(Dataset content):

+---+

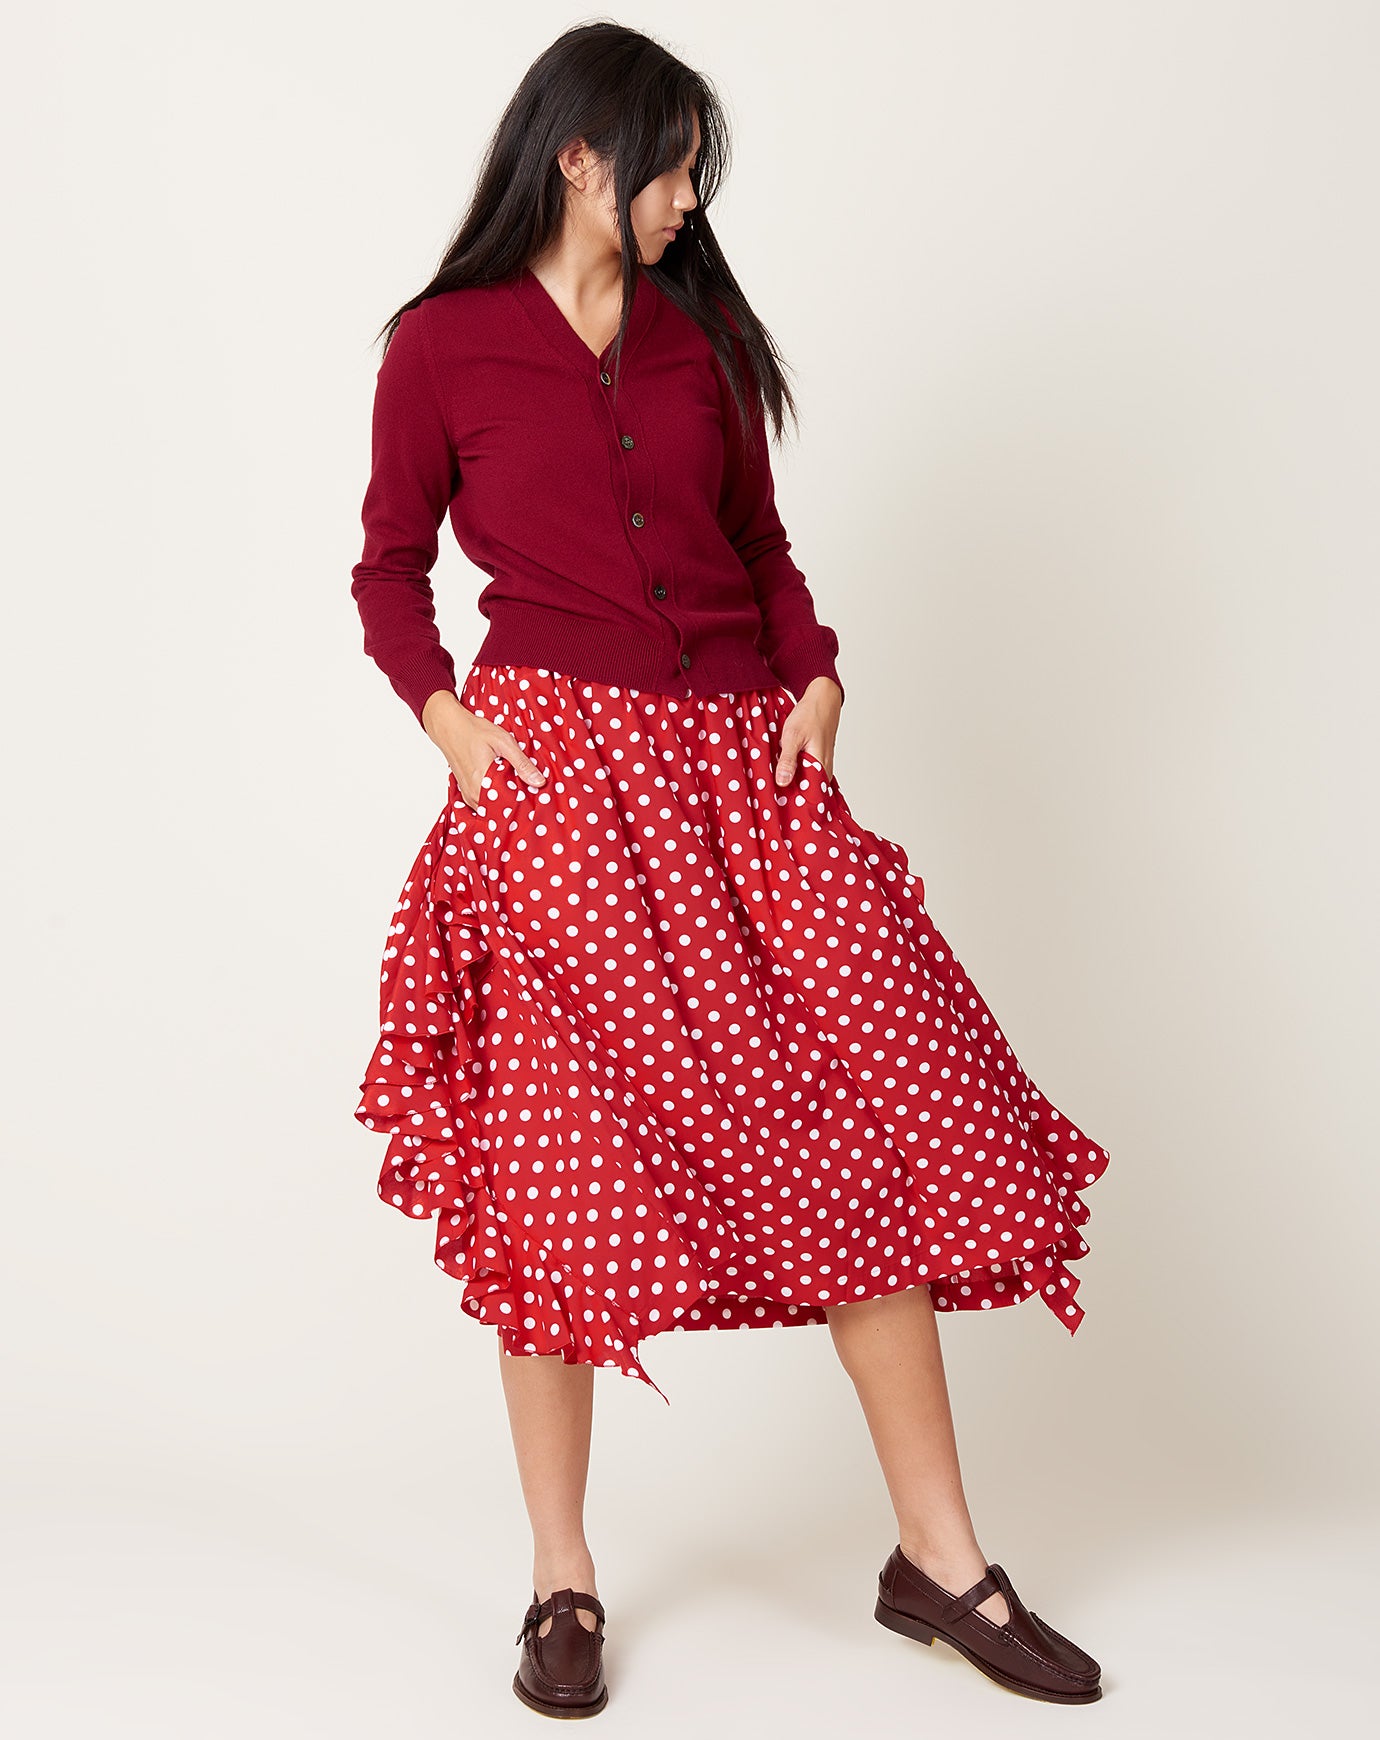 Discover 233+ polka dot skirt outfit
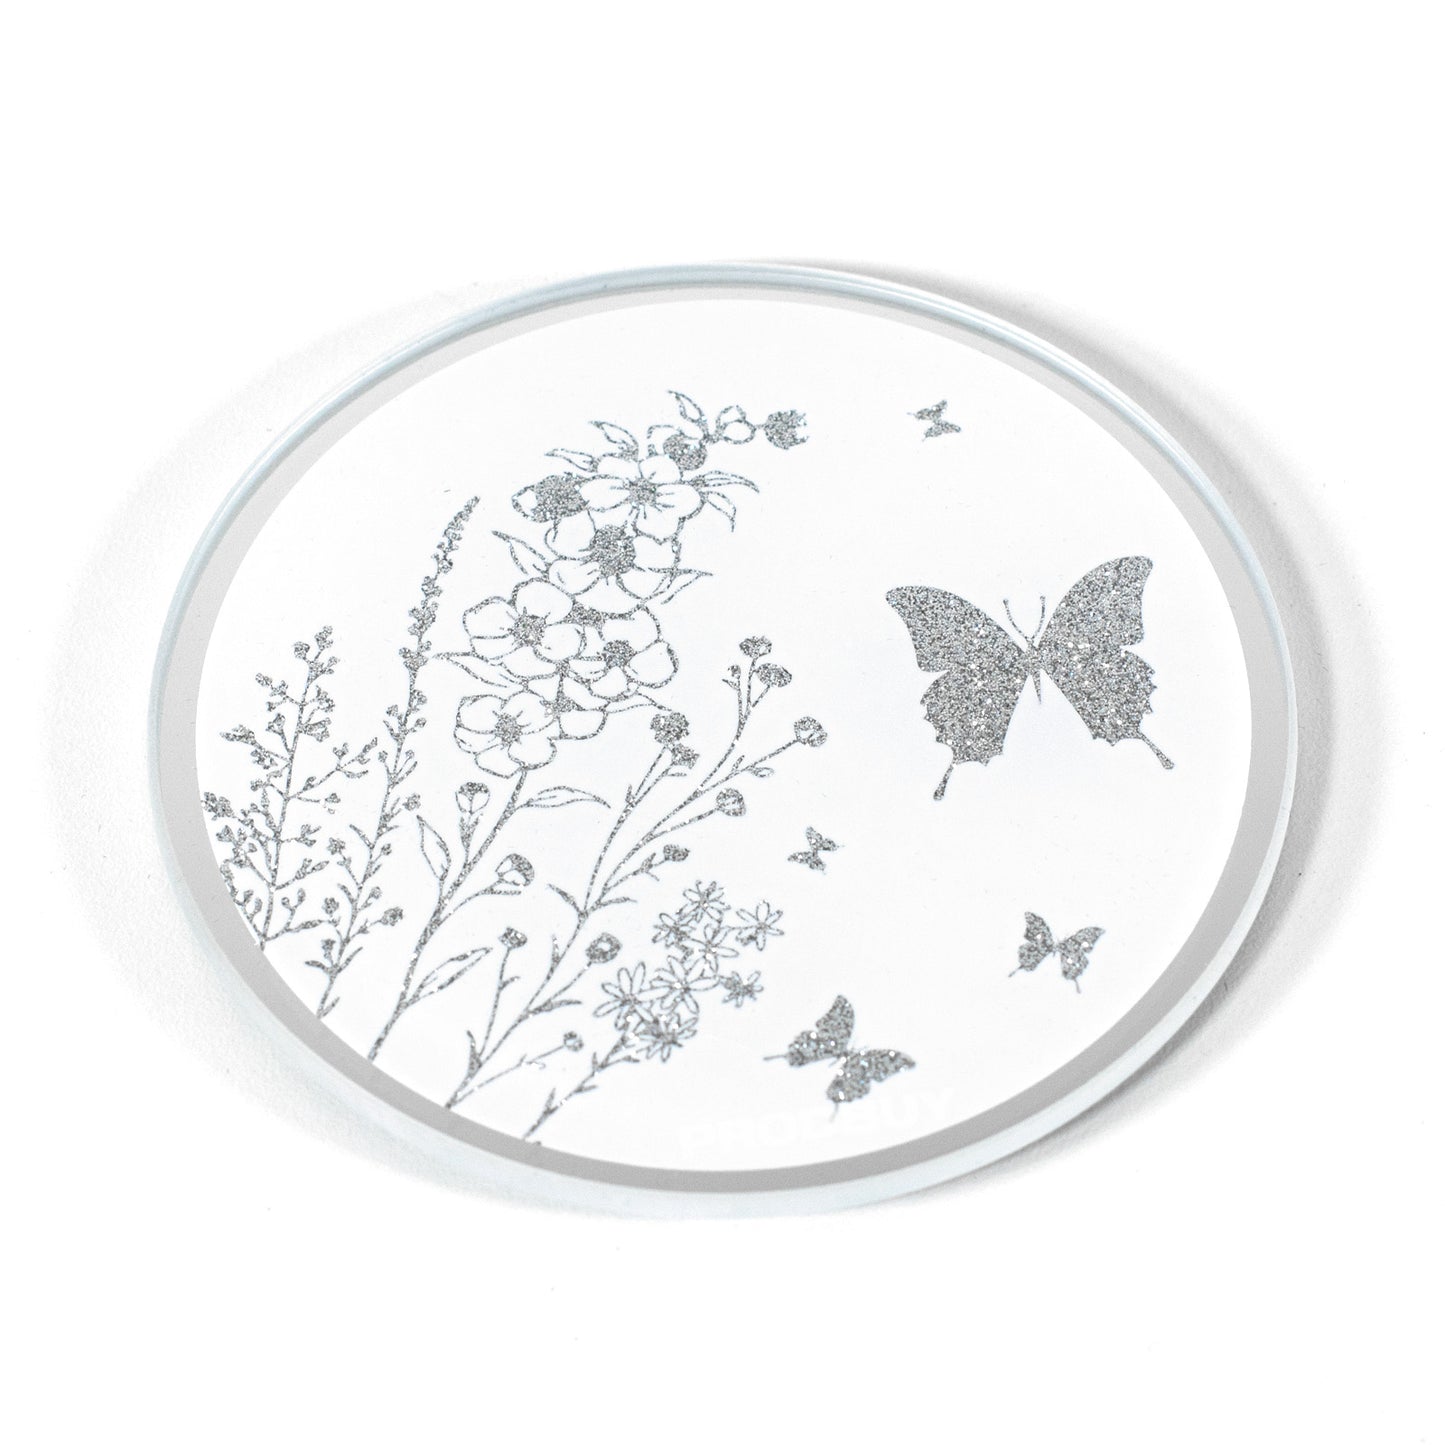 Set of 4 Round 10cm Mirrored Glass Crushed Diamond Floral Butterfly Coasters
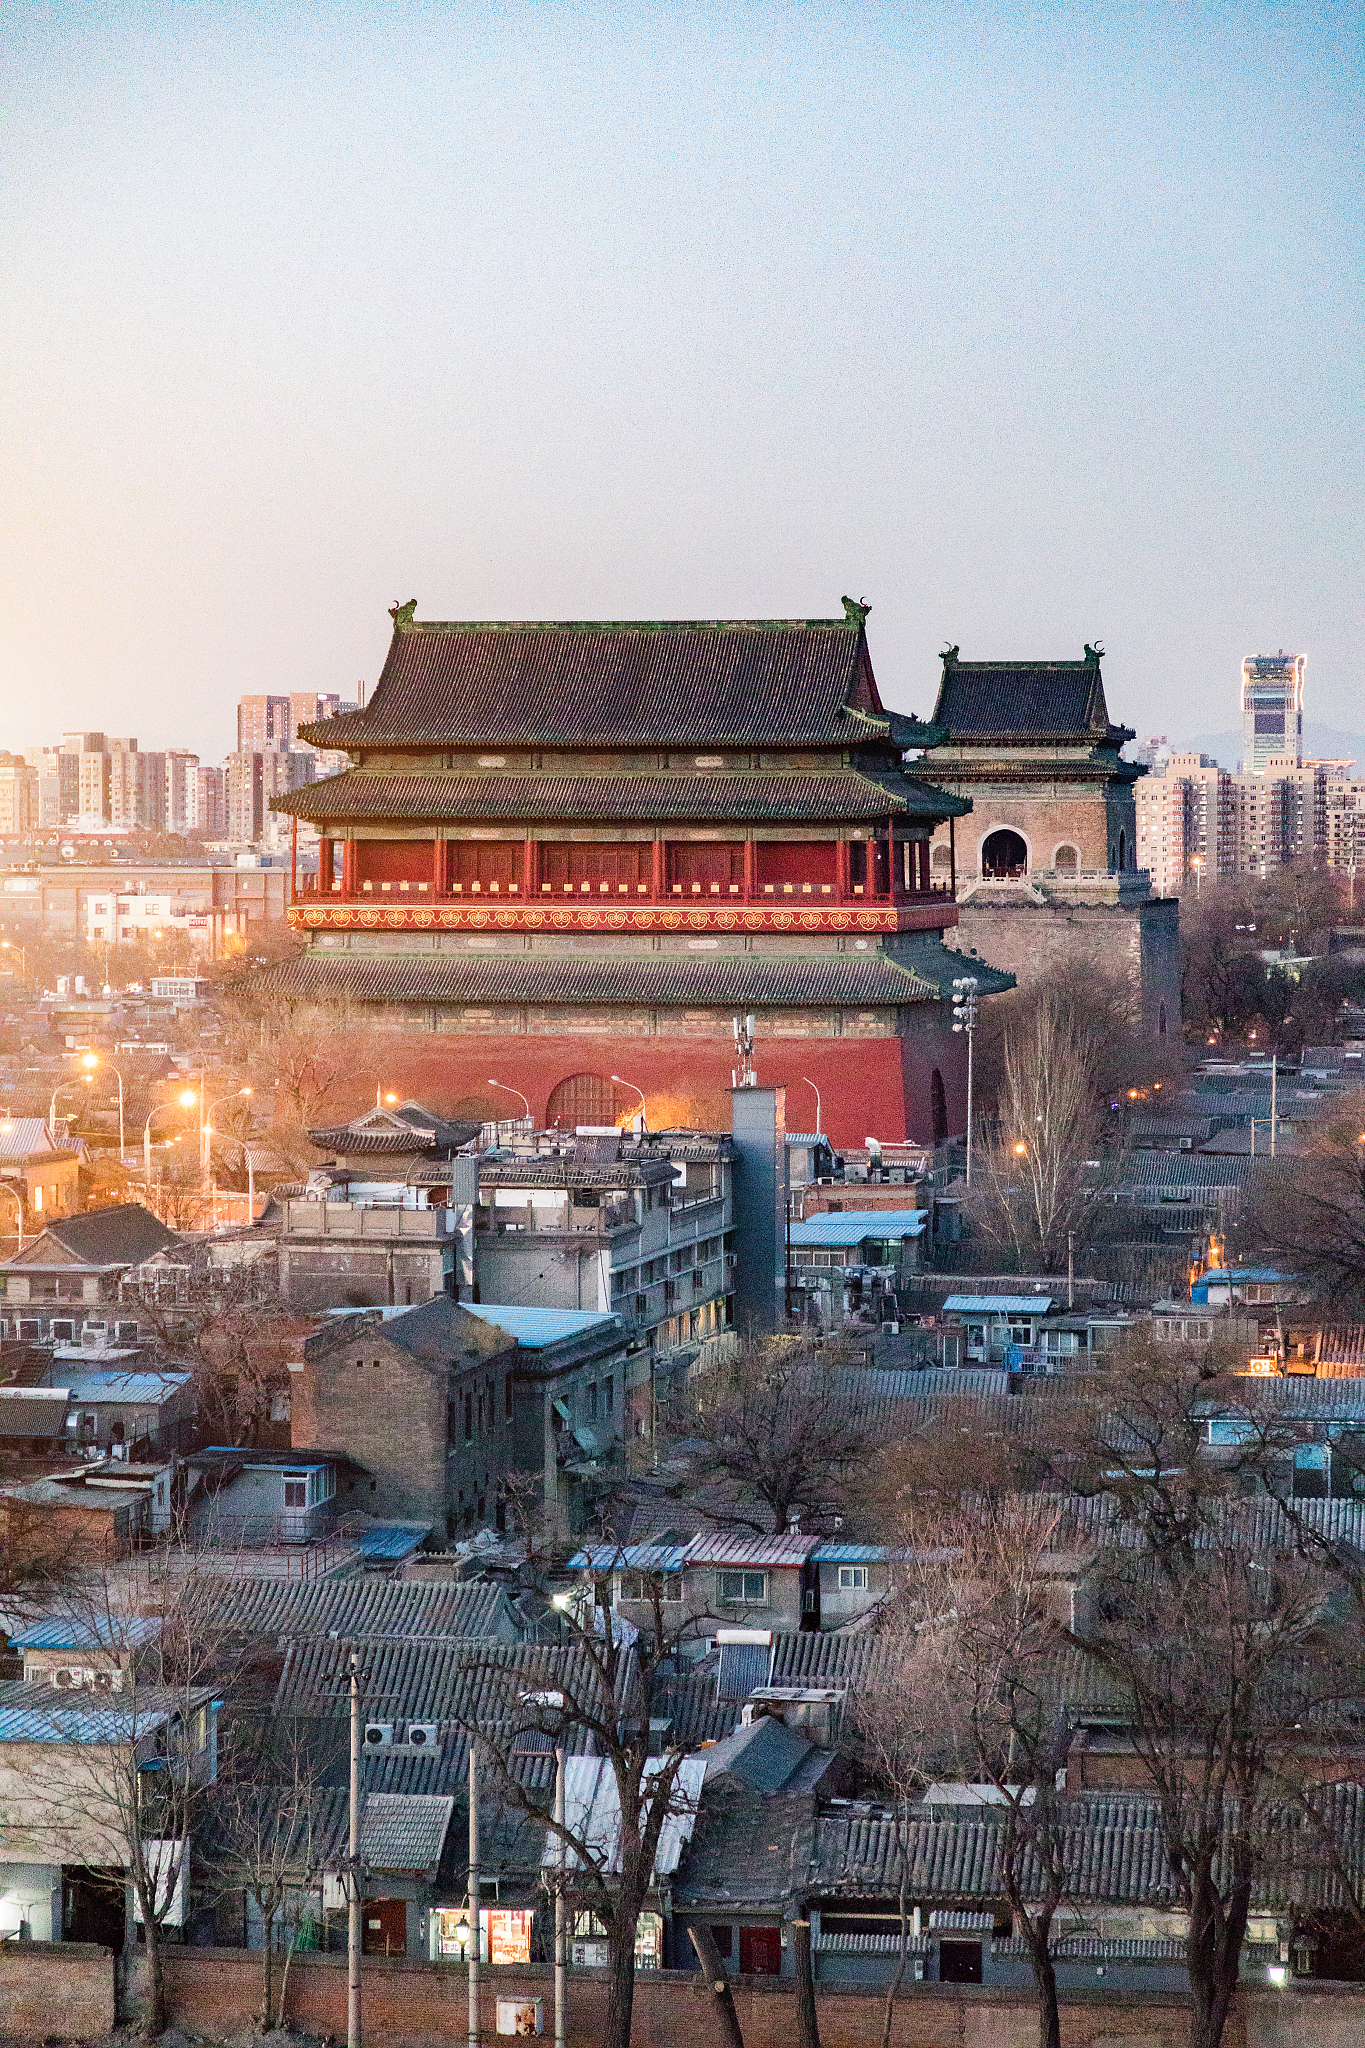 The Drum Tower and Bell Tower in Beijing. /CFP

+---+

(Aim of the exercise):
In your answer, repeat the material above in full, exactly, and without its pictures.

(Task answer):
 Discover 233+ polka dot skirt outfit
 Set of 4 Round 10cm Mirrored Glass Crushed Diamond Floral Butterfly Coasters
 The Drum Tower and Bell Tower in Beijing. /CFP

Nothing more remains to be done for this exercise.